━━━━━ Material supplied

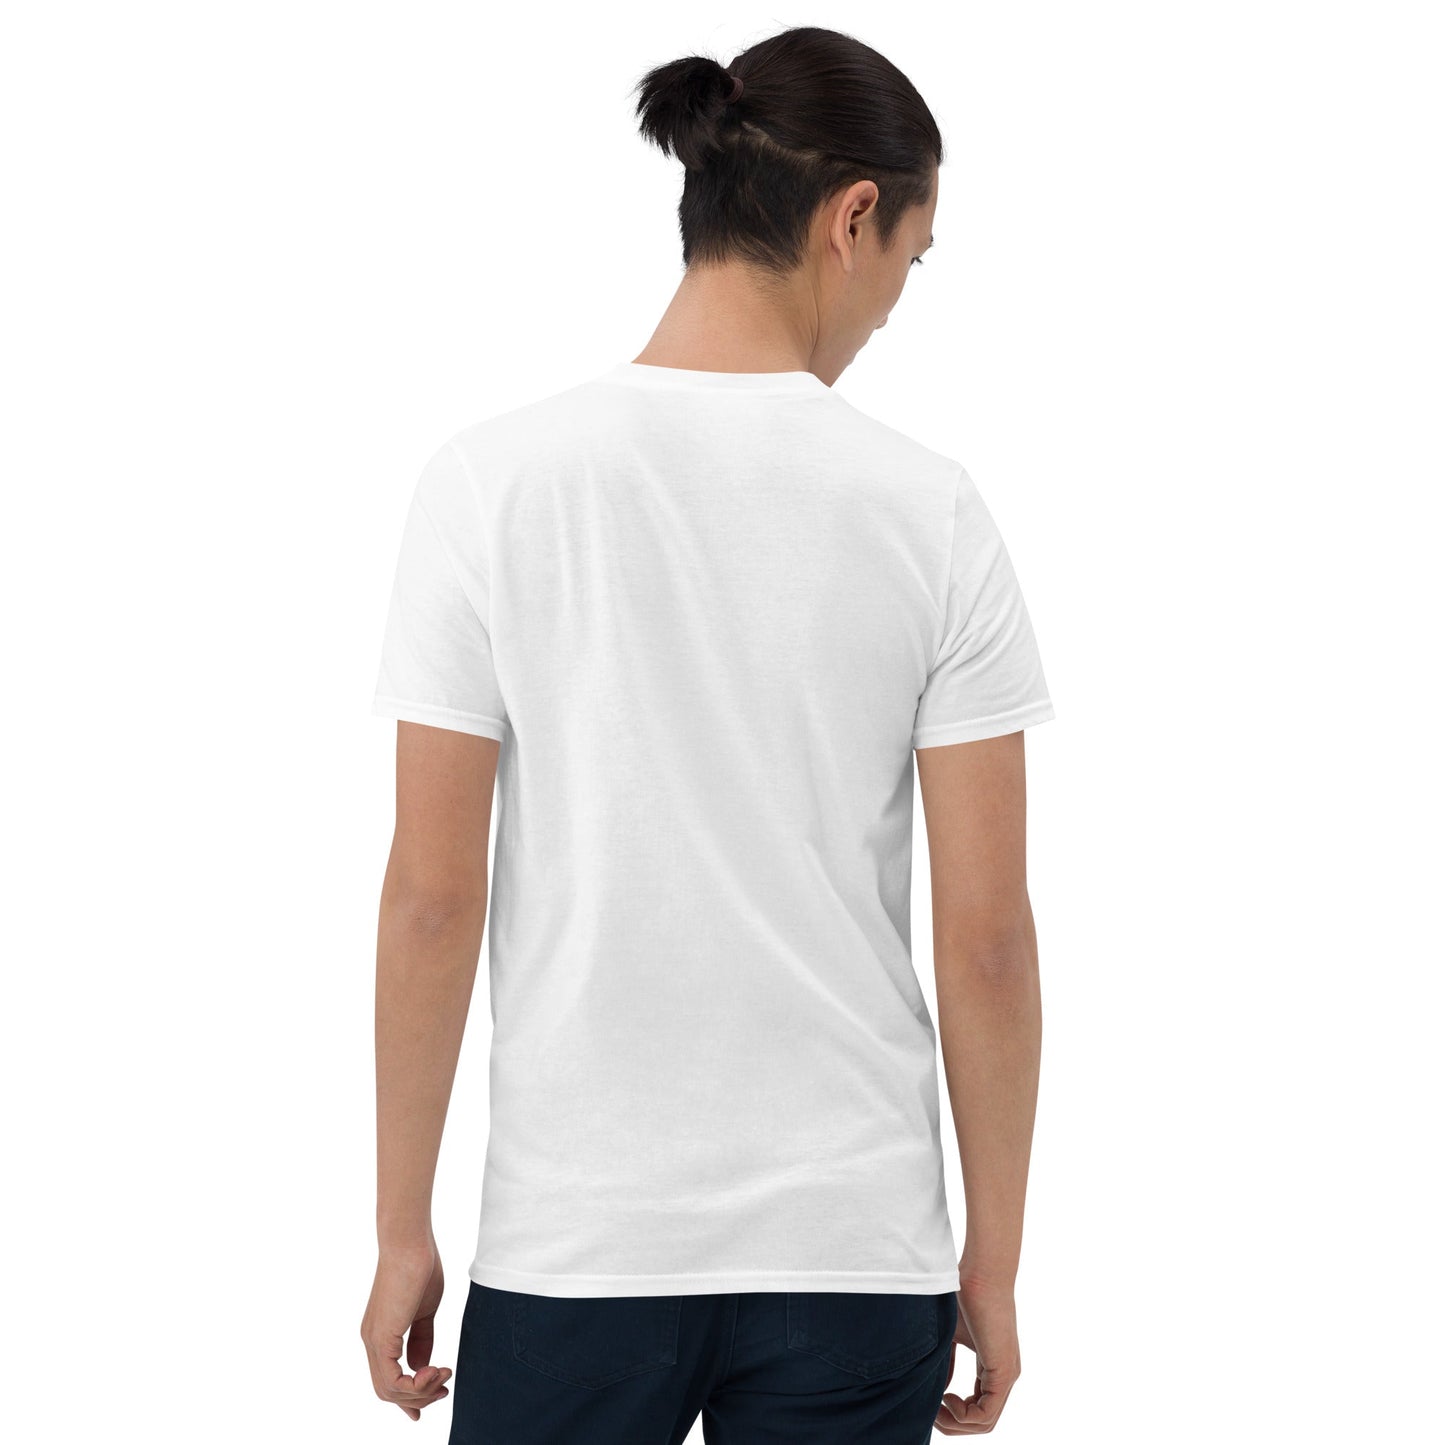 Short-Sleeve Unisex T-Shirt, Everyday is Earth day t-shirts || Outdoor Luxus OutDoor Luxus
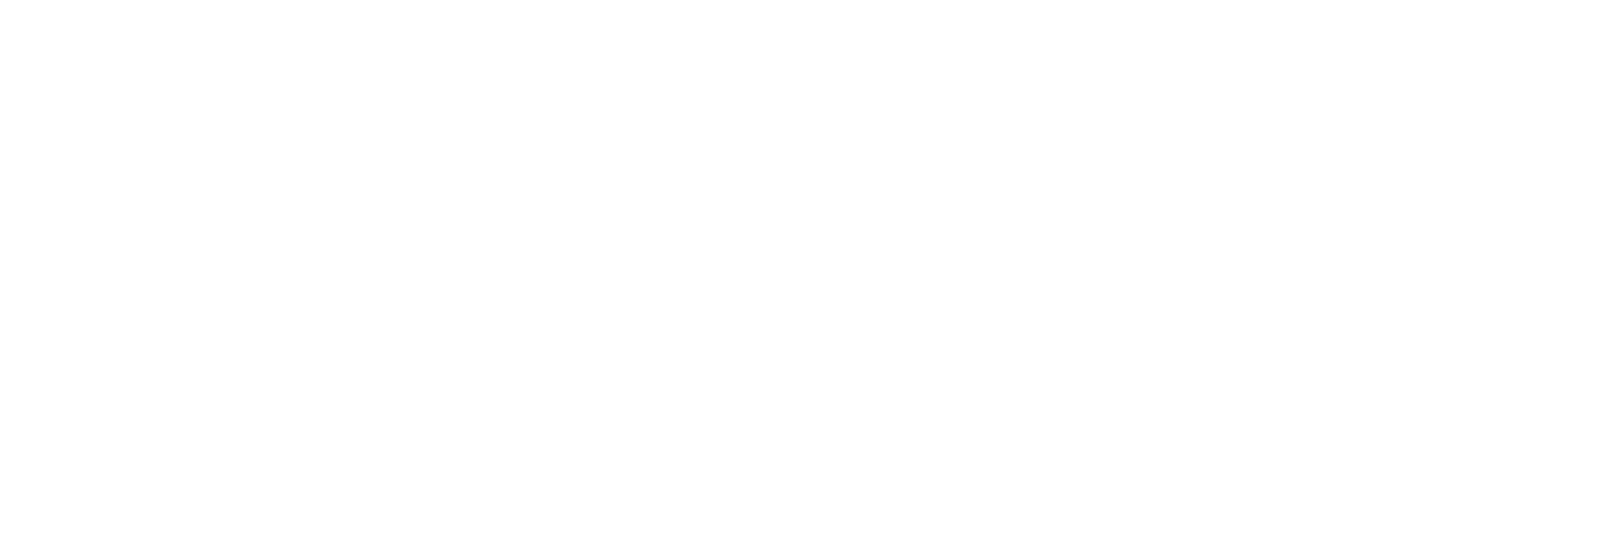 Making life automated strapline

━━━━━━━━━━
━━━━━ Material supplied

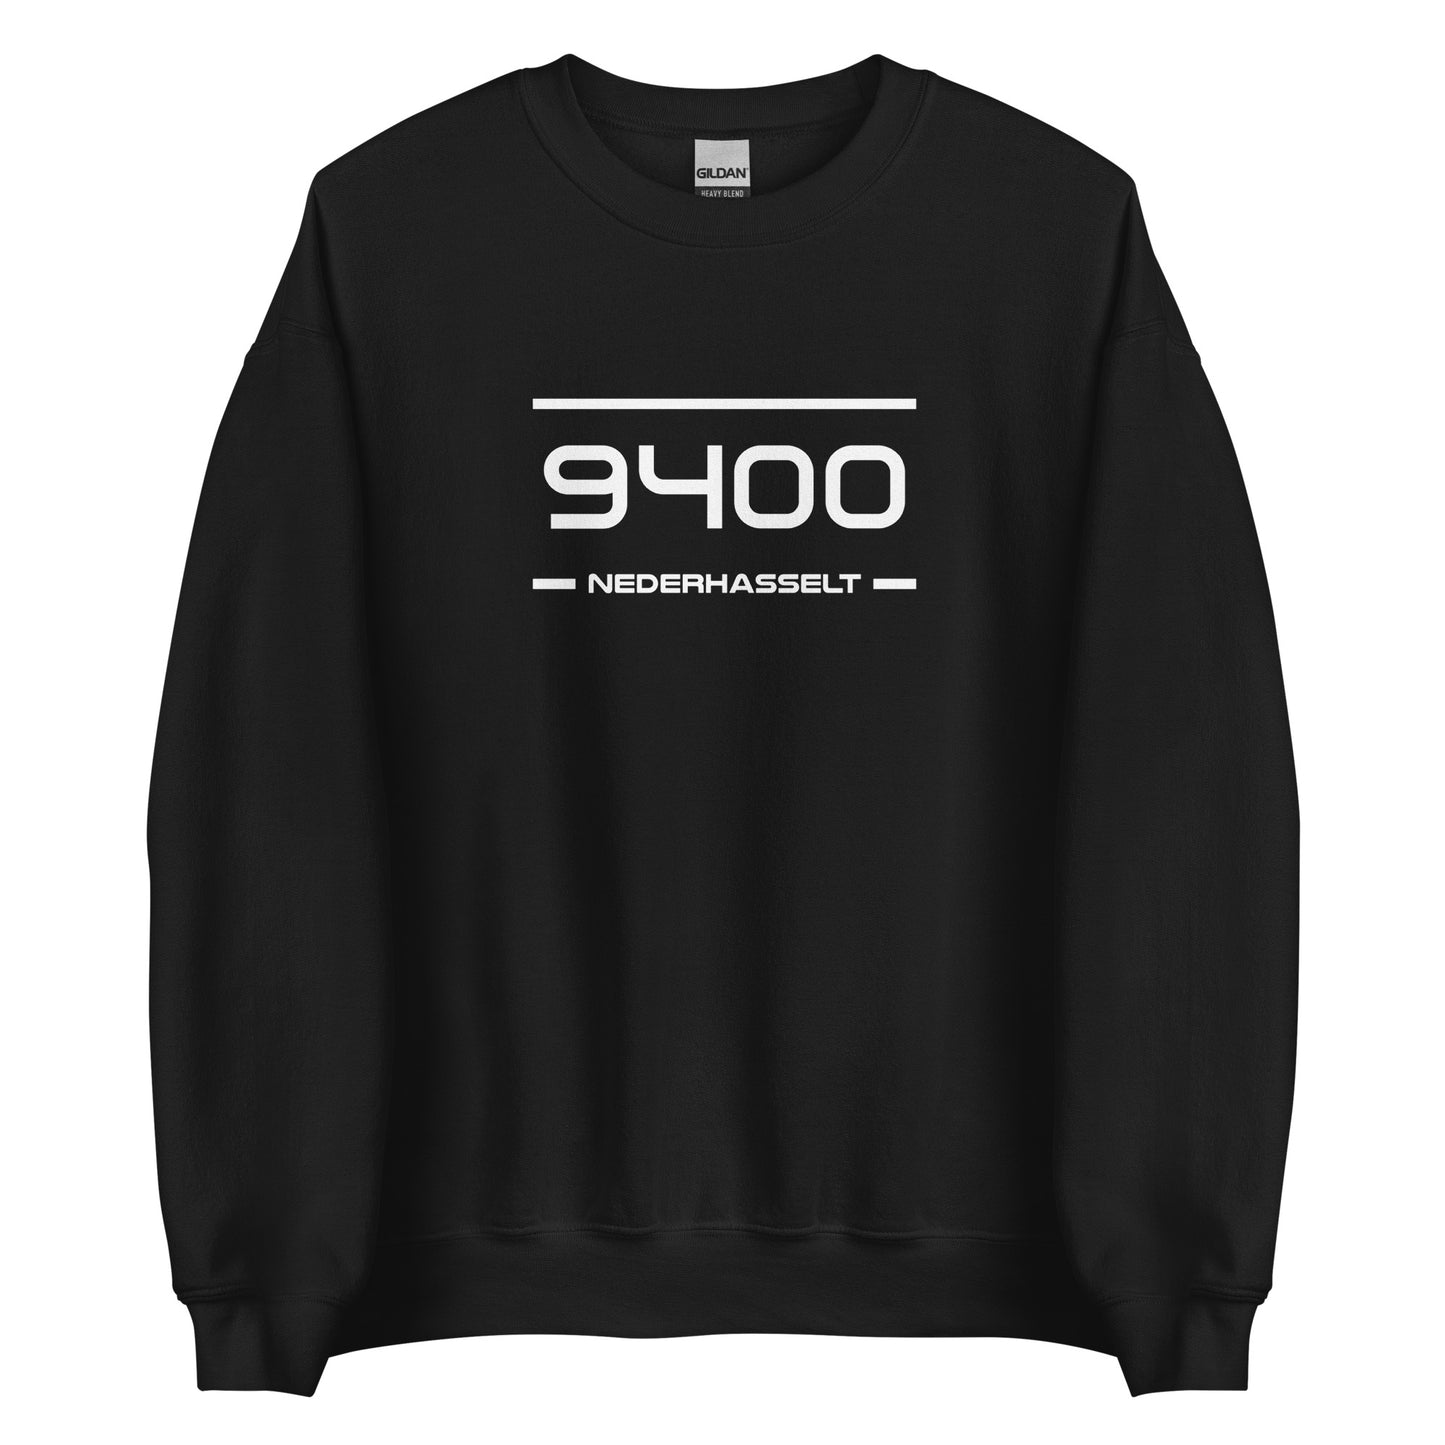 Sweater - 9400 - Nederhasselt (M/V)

━━━━━━━━━━

**Your assignment**
Write out, word for word, the stretch of entries that begins at the line with "Short-Sleeve Unisex T-Shirt, Everyday" and ends at the line with "Making life automated strapline". Pictures do not belong in it.

**Response to this task**
 Short-Sleeve Unisex T-Shirt, Everyday is Earth day t-shirts || Outdoor Luxus OutDoor Luxus
 Making life automated strapline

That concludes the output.